Крауш был ветераном партии и занимал один из самых высоких постов в республике. Но когда его вот так, внезапно, вызывали к старшим партийным товарищам, он чувствовал себя немногим лучше, нежели в юности, когда представал перед инспектором школы. На свете существует два рода деятелей. Одни, будучи поставлены на высокий пост, довольно быстро забывают, что этот пост – не что иное, как поручение, тем более ответственное, чем оно выше. Такие деятели быстро теряют представление о собственном месте в системе партии и государства, утрачивают скромность, обретают самоуверенность, ничего общего не имеющую с достойной уверенностью в себе. Начав с того, что при встрече со старыми товарищами подают им левую руку, они скоро утрачивают партийное лицо, помышляют только о бытовом подражании дурным примерам вельможемании, забывают о том, что они – только слуги народа. Такие кончают безвестностью за штатом истории. Другого рода деятели на любом месте и в любом положении сохраняют ясность перспективы и понимание обстановки. Они всегда помнят об ограниченности собственной ценности и о значении порученной им работы. Такие остаются верны ленинским заветам партийной скромности и знают, что их сила не в них самих, а в стоящей за ними партии. Такие одинаково серьезно относятся к критике сверху и снизу.

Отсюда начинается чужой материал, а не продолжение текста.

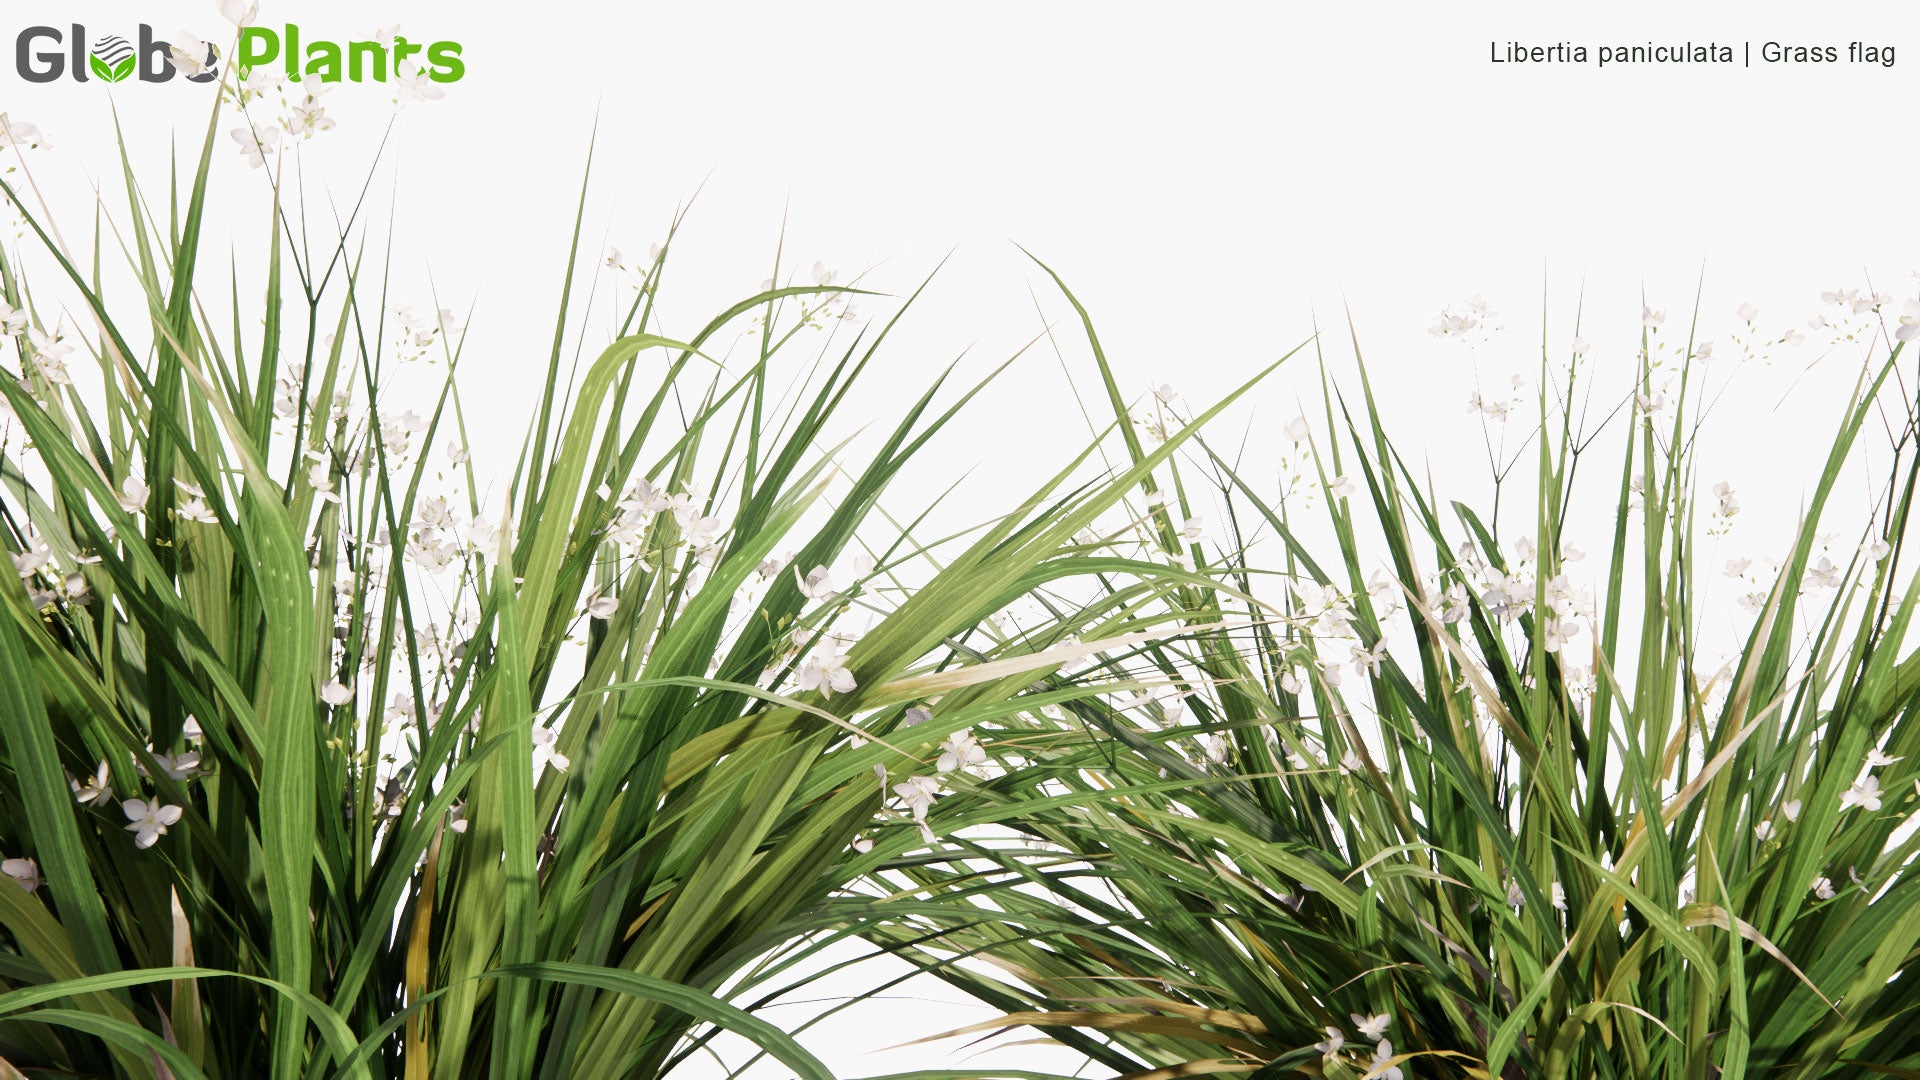 Low Poly Libertia Paniculata - Grass Flag (3D Model)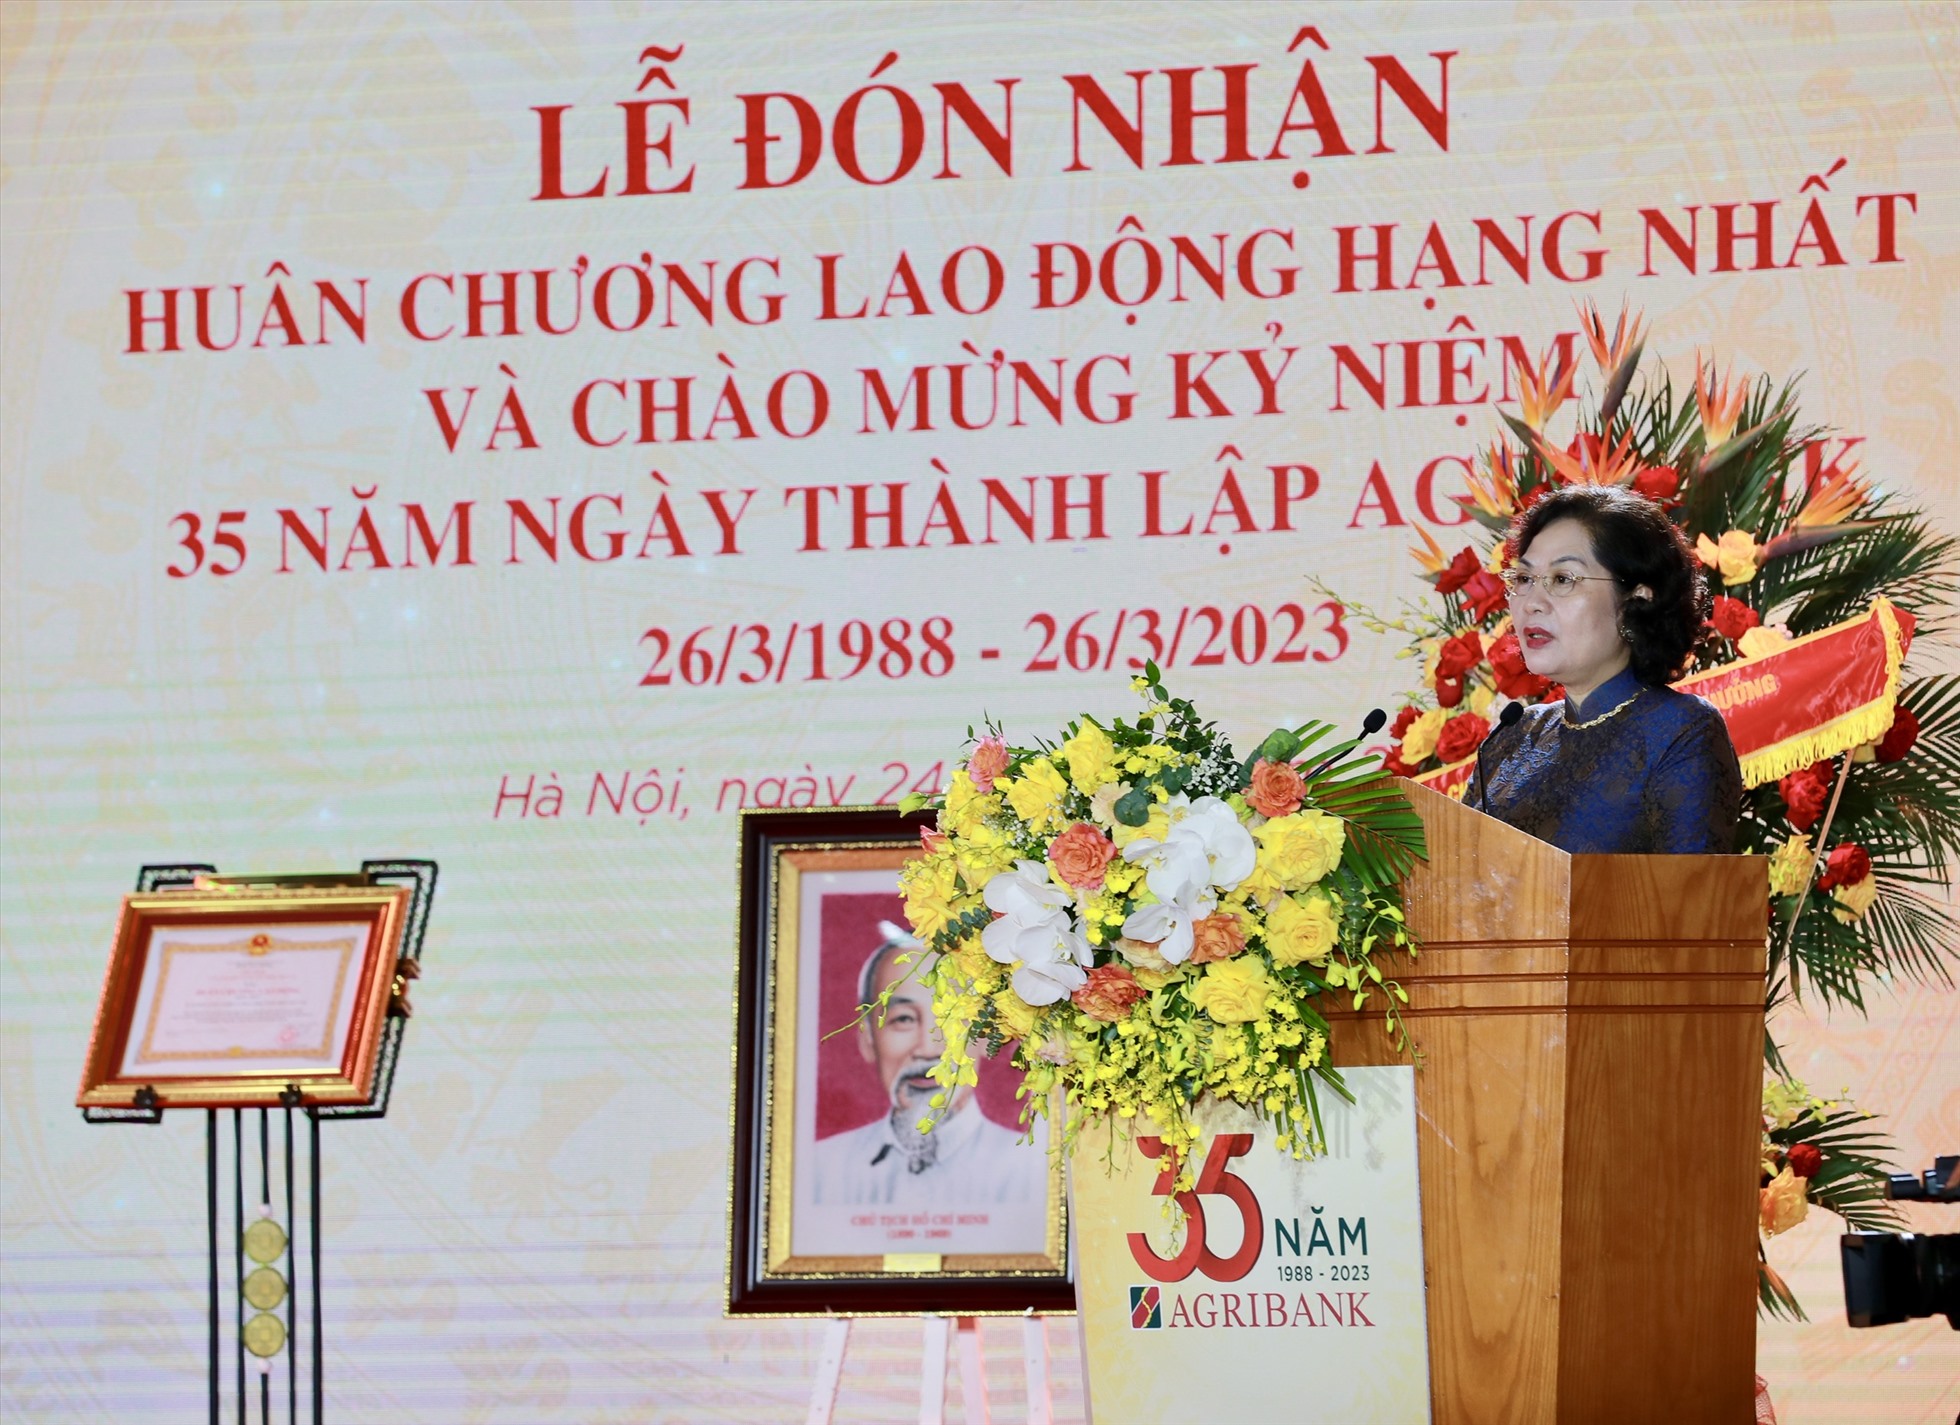 Bà Nguyễn Thị Hồng - Thống đốc Ngân hàng Nhà nước phát biểu tại buổi lễ. Ảnh: Agribank

Сегодня, переступая порог кабинета первого секретаря Центрального Комитета, Крауш был немного не в своей тарелке – за ним вина: упущенное из рук руководство подготовкой к уборочной.
Товарищ Спрогис, первый секретарь ЦК, – человек небольшого роста и той степени плотности, которую только-только нельзя назвать полнотой, – поднялся из-за стола и сделал шаг навстречу Краушу. Седые усы его так топорщились, что придавали лицу сердитое выражение даже тогда, когда Спрогис чувствовал к посетителю искреннее расположение.

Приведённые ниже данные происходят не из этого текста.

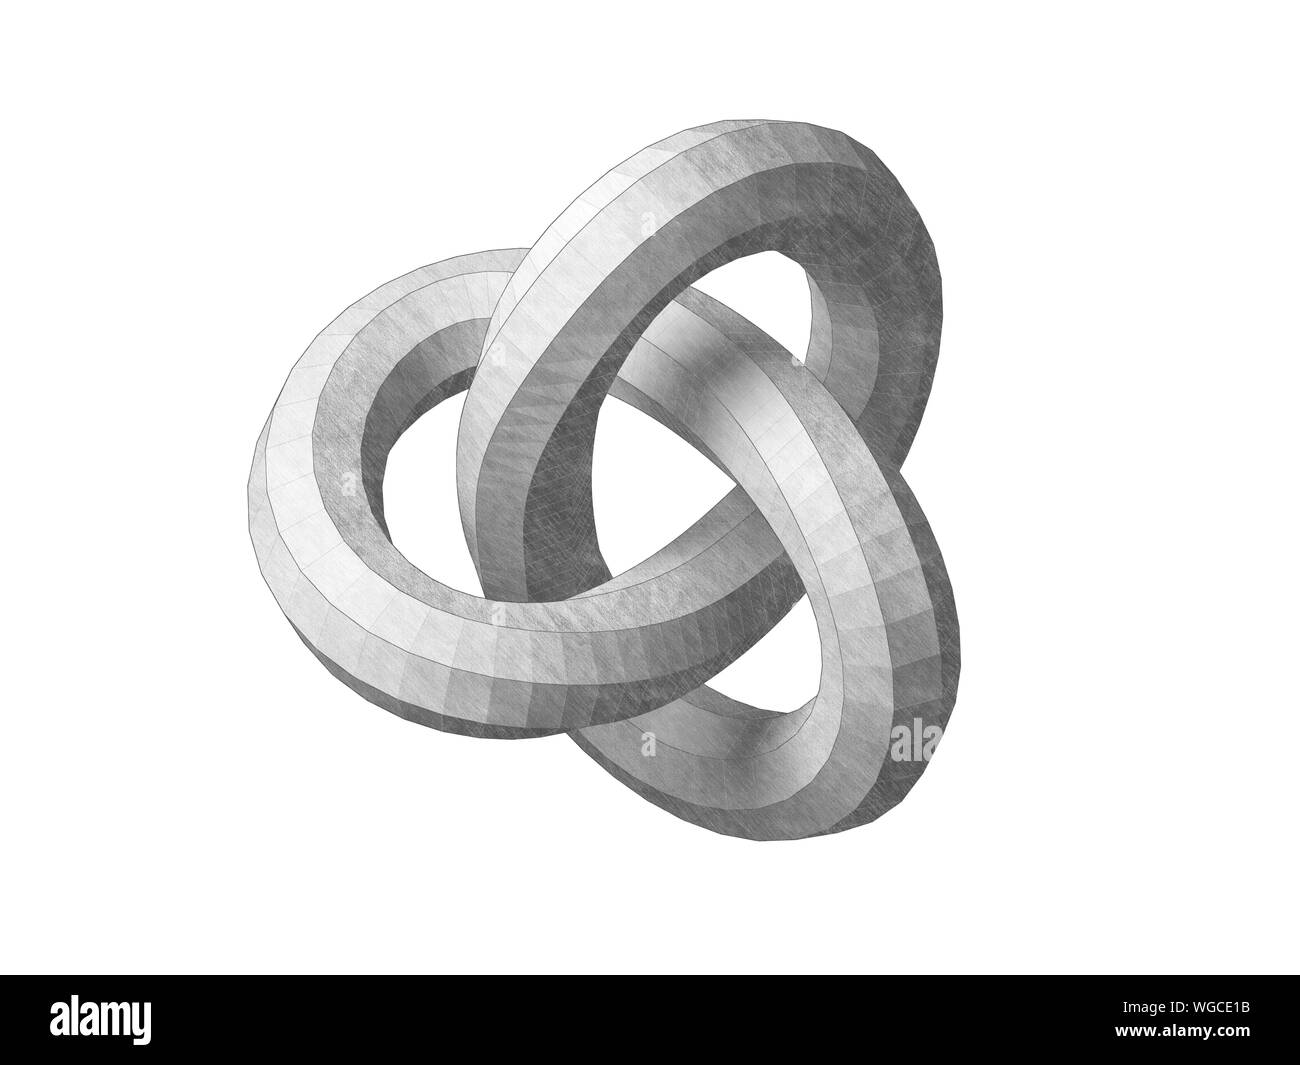 Torus knot poly faible représentation géométrique. Objet abstrait isolé sur fond blanc. Crayon Graphite rendu 3d illustration stylisée Banque D'Images

– Давно не виделись, – густым хрипловатым, словно простуженным, баском проговорил Спрогис, имея в виду, что со времени последнего заседания бюро ЦК, на котором присутствовал Крауш, прошло уже пять дней. – Как дела?
– Хвастаться нечем.
– В какой области?
– Да начать хотя бы с той, о которой бюро поручило мне собрать сведения.
– Вы имеете в виду правопорядок в республике?.. Разве так плохо обстоит дело?
– Конечно, сравнить нельзя с прошлым, но все же… Нет-нет да и забудет кто-нибудь, что конституция – это не просто плакат с красивыми словами. – Усы Спрогиса встопорщились еще больше. Крауш улыбнулся: – Нет, нет! Дело не дошло до того, чтобы нужно было повесить перед каждым работником аппарата ее текст. Не дошло и не дойдет!
– Но если хотя бы один советский гражданин может ткнуть нас носом в то, что забыта хотя бы одна ее статья и хотя бы один только раз, одним только работником аппарата, – стыд и срам! Небось хуже всего там, где дальше от глаз: в районах, в колхозах? А для чего там ваши прокуроры?